● **Work request**: Retype the whole of the data exactly.

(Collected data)
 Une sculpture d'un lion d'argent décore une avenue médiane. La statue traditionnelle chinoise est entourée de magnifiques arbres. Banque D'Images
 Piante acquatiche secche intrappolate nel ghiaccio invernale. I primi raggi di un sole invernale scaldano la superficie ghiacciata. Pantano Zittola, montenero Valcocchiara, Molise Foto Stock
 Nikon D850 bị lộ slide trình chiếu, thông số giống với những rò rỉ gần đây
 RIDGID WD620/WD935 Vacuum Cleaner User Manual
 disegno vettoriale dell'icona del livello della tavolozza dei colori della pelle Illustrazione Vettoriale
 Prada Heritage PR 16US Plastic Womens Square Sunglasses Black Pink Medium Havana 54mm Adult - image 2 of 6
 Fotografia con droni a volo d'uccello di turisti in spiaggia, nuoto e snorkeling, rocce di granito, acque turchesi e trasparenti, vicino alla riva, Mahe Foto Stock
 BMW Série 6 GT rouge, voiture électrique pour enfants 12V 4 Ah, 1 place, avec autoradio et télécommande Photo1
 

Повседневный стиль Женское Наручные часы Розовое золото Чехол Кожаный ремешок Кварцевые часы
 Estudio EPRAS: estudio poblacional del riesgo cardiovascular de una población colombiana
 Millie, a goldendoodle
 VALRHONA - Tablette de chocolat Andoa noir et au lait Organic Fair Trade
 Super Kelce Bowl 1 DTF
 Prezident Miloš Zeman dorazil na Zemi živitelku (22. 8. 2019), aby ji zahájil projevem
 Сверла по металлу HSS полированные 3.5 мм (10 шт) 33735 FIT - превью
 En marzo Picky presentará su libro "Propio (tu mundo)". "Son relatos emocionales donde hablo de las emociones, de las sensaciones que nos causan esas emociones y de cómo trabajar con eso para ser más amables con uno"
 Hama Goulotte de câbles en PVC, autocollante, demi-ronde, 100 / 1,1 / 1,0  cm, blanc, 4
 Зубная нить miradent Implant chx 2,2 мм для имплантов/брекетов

● **Your solution**:
 Une sculpture d'un lion d'argent décore une avenue médiane. La statue traditionnelle chinoise est entourée de magnifiques arbres. Banque D'Images
 Piante acquatiche secche intrappolate nel ghiaccio invernale. I primi raggi di un sole invernale scaldano la superficie ghiacciata. Pantano Zittola, montenero Valcocchiara, Molise Foto Stock
 Nikon D850 bị lộ slide trình chiếu, thông số giống với những rò rỉ gần đây
 RIDGID WD620/WD935 Vacuum Cleaner User Manual
 disegno vettoriale dell'icona del livello della tavolozza dei colori della pelle Illustrazione Vettoriale
 Prada Heritage PR 16US Plastic Womens Square Sunglasses Black Pink Medium Havana 54mm Adult - image 2 of 6
 Fotografia con droni a volo d'uccello di turisti in spiaggia, nuoto e snorkeling, rocce di granito, acque turchesi e trasparenti, vicino alla riva, Mahe Foto Stock
 BMW Série 6 GT rouge, voiture électrique pour enfants 12V 4 Ah, 1 place, avec autoradio et télécommande Photo1
 

Повседневный стиль Женское Наручные часы Розовое золото Чехол Кожаный ремешок Кварцевые часы
 Estudio EPRAS: estudio poblacional del riesgo cardiovascular de una población colombiana
 Millie, a goldendoodle
 VALRHONA - Tablette de chocolat Andoa noir et au lait Organic Fair Trade
 Super Kelce Bowl 1 DTF
 Prezident Miloš Zeman dorazil na Zemi živitelku (22. 8. 2019), aby ji zahájil projevem
 Сверла по металлу HSS полированные 3.5 мм (10 шт) 33735 FIT - превью
 En marzo Picky presentará su libro "Propio (tu mundo)". "Son relatos emocionales donde hablo de las emociones, de las sensaciones que nos causan esas emociones y de cómo trabajar con eso para ser más amables con uno"
 Hama Goulotte de câbles en PVC, autocollante, demi-ronde, 100 / 1,1 / 1,0  cm, blanc, 4
 Зубная нить miradent Implant chx 2,2 мм для имплантов/брекетов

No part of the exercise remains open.